Keywords

Introduction

Alloy 718 is the most widely used Ni based wrought superalloy for high temperature components such as aircraft engine and land-base gas turbine disks because of good mechanical properties and fabricability etc. [1, 2]. The microstructure of this alloy contains several types of second phases of δ-Ni3Nb (D0a), γ″-Ni3Nb (D022) and γ′-Ni3(Al,Ti ) (L12) etc. in the γ-Ni (A1) solid solution matrix, which is controlled to obtain the mechanical properties that are required for particular high temperature components.

The standard heat treatment adopted for this alloy, the so-called subsolvus heat treatment , is a solution treatment below the δ solvus temperature above which the δ-Ni3Nb (D022) phase is completely dissolved, followed by rapid cooling, and a subsequent two-step aging heat treatment (holding at 718 °C for 8 h, furnace cooling to 621 °C and holding at the temperature for a total aging time of 18 h followed by air cooling) [3, 4]. This subsolvus solution treatment is intended to form fine recrystallized grains pinned by residual δ phase precipitates in order to obtain good fatigue resistance. Rapid cooling from the solution treatment temperature is speculated to cause the precipitation of fine γ″/γ′ phase in the matrix phase not during the cooling but in the two-step aging heat treatment in order to obtain high strength . Creep properties might have been of secondary importance for the conventional use of the alloy treated with the subsolvus heat treatment , but the relative importance of creep properties to fatigue properties should increase in near future due to an increased temperature in turbine disks to meet a requirement to improve the efficiency of aircraft engines.

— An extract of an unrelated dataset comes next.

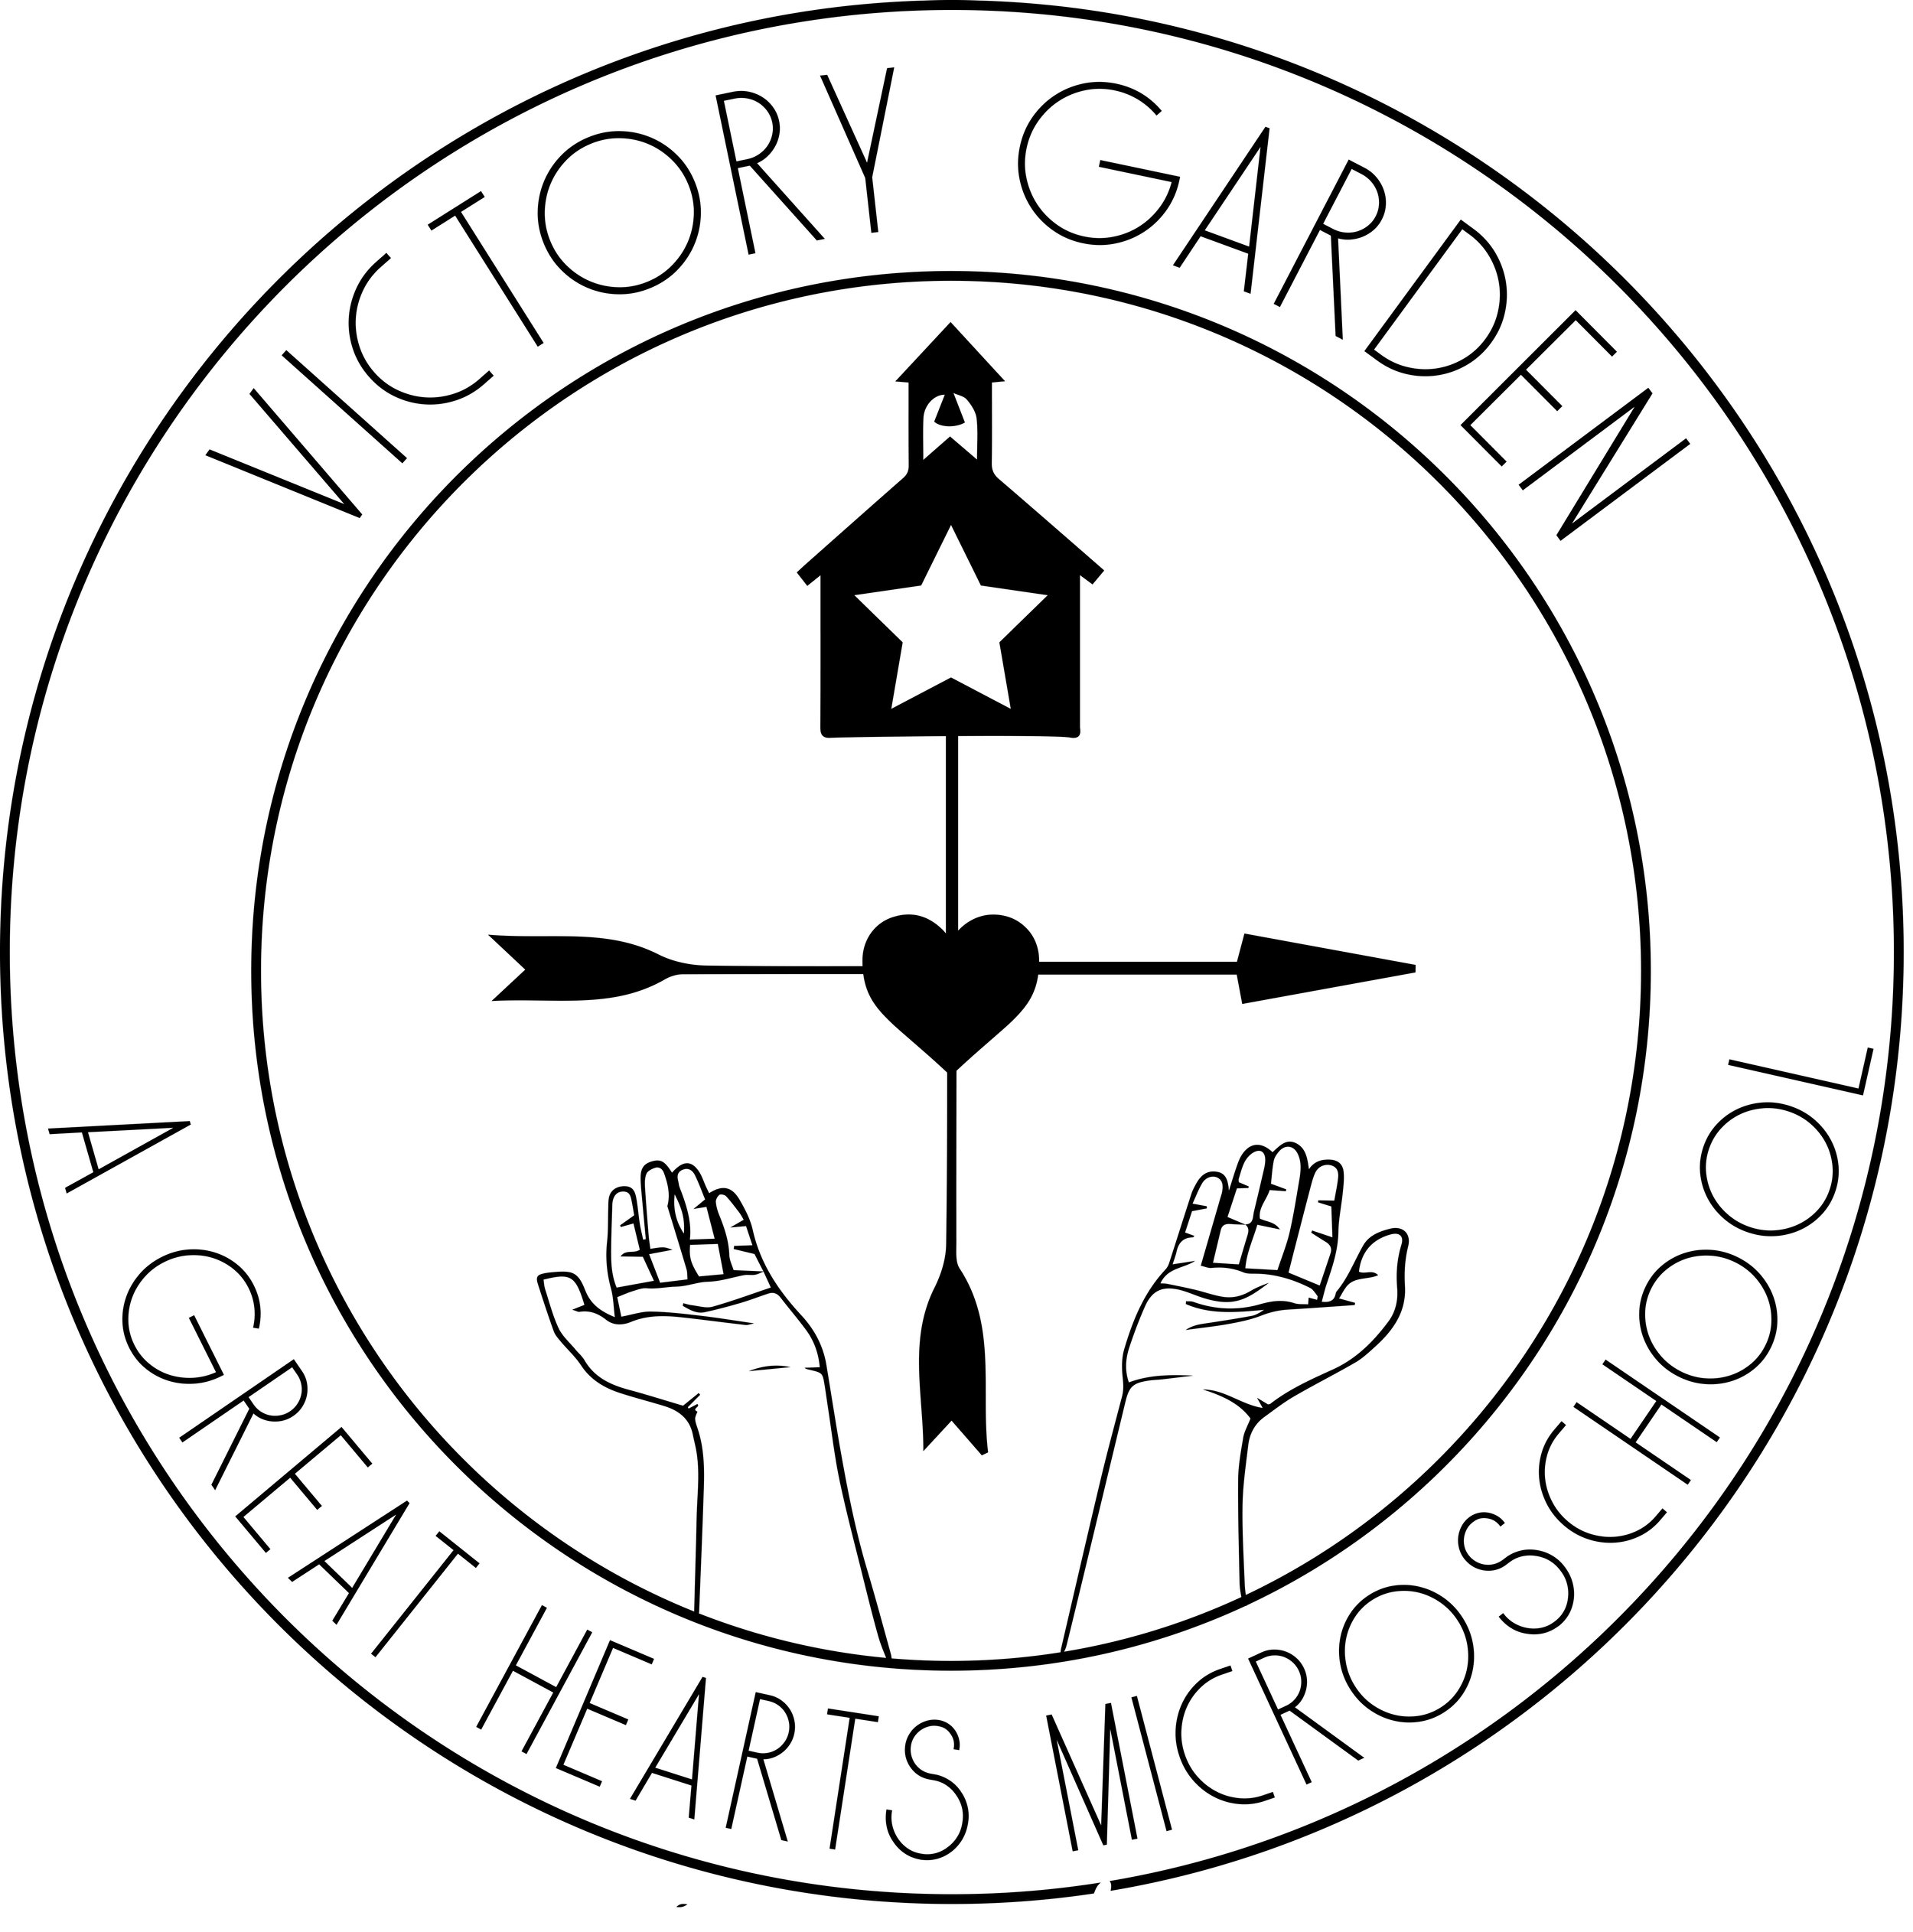 victory garden.jpg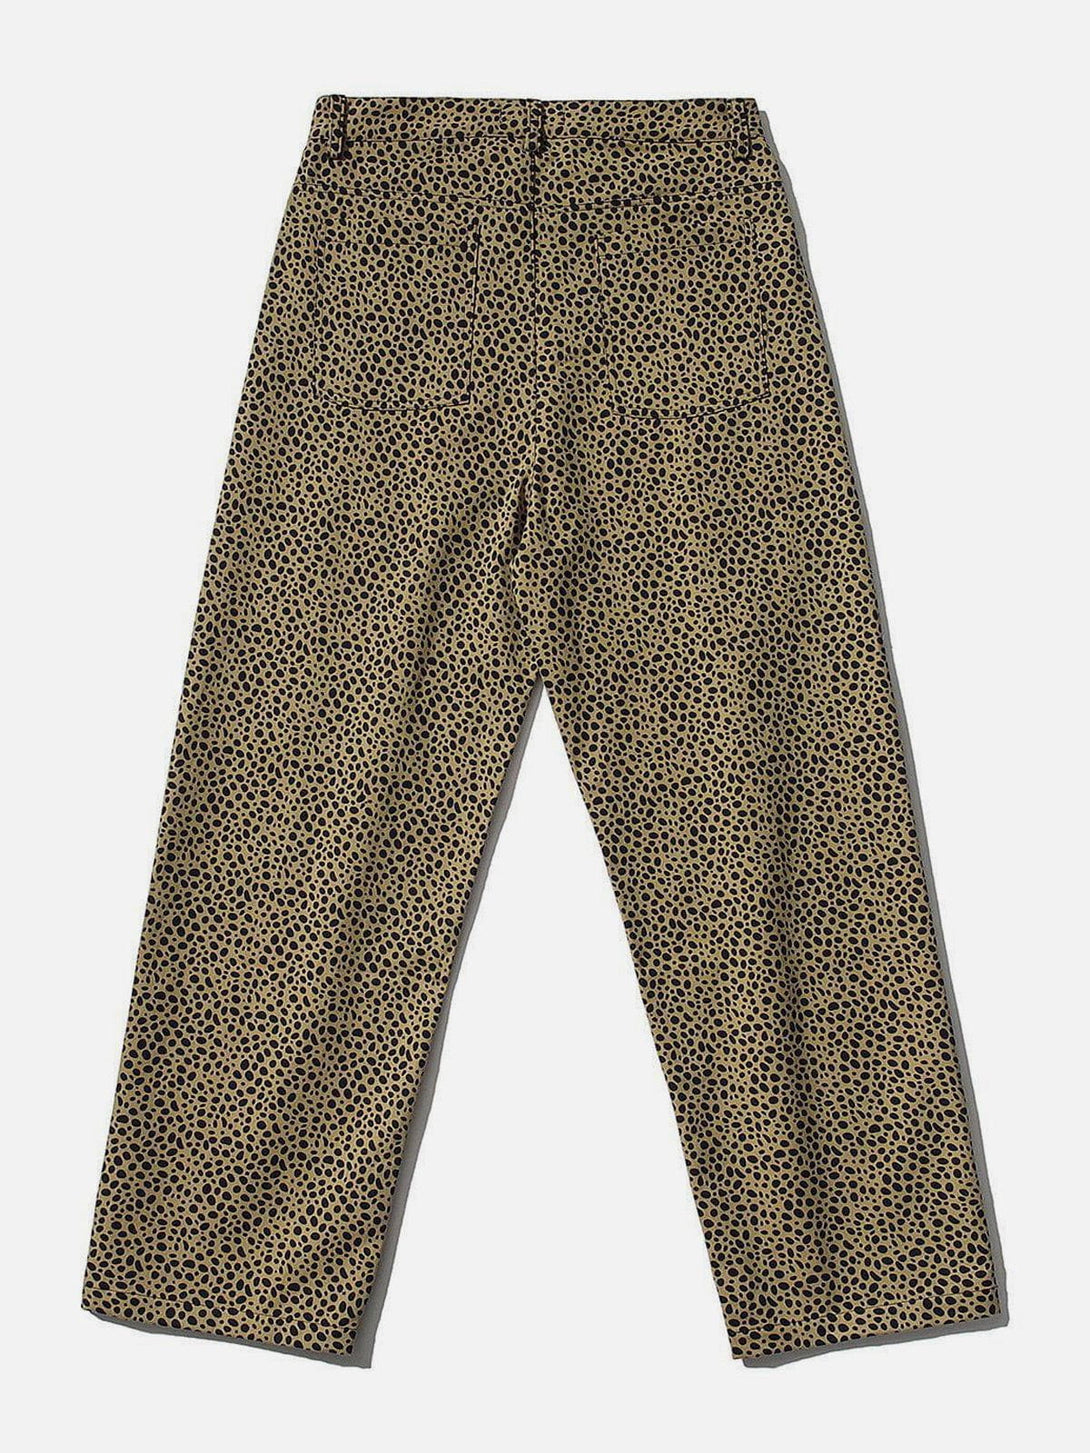 Majesda® - Vintage Full Print Leopard Print Long Pants outfit ideas streetwear fashion

Aoki et al. recently found that a wrought alloy 718 sample showed an interesting dependency of creep properties on the cooling rate after the subsolvus solution treatment temperature ; the time to 0.2% creep strain and the creep life showed a maximum value at an intermediate cooling rate under a creep condition of 621°C/724 MPa. The lower creep strength at slower cooling rates allows us to expect that the dependence is related to the precipitation of coherent γ″/γ′ particles within grains, but the lower creep strength at higher cooling rates raises a question on what microstructural factor causes the strength . In the present paper, microstructures were observed for samples after creep deformation to a creep strain of 0.2% to understand the dependency of the creep strength on the cooling rate.

Experimental Procedures

The alloy used was a hot-forged and ring-rolled 718 alloy. The chemical composition , analyzed by ICP-OES, is shown in Table 1. The rolled sample was cut by electro discharged machining into cylindrical specimens of 14 mm in diameter and 150 mm in length along the circumferential direction of the rolled sample parallel to the length of the cylinders. The specimens were solution treated at a temperature of 982 °C for 1 h, and cooled at different cooling rates between 1 and 199 °C/min to 600 °C by gas quenching, followed by air cooling. The cooling rates were selected to investigate the effect of cooling rate that can be applicable to real forging parts. The measurements of cooling rates were made with a thermocouple inserted to a hole in a dummy sample with the same size. Each cooling rate shown is the averaged one between 982 and 600 °C. The solution treated specimens were subsequently aged in the two-step standard condition (holding at 718 °C for 8 h, furnace cooling to 621 °C and holding at the temperature for a total aging time of 18 h followed by air cooling).

Table 1 Chemical compositions of the alloy 718 specimen [5]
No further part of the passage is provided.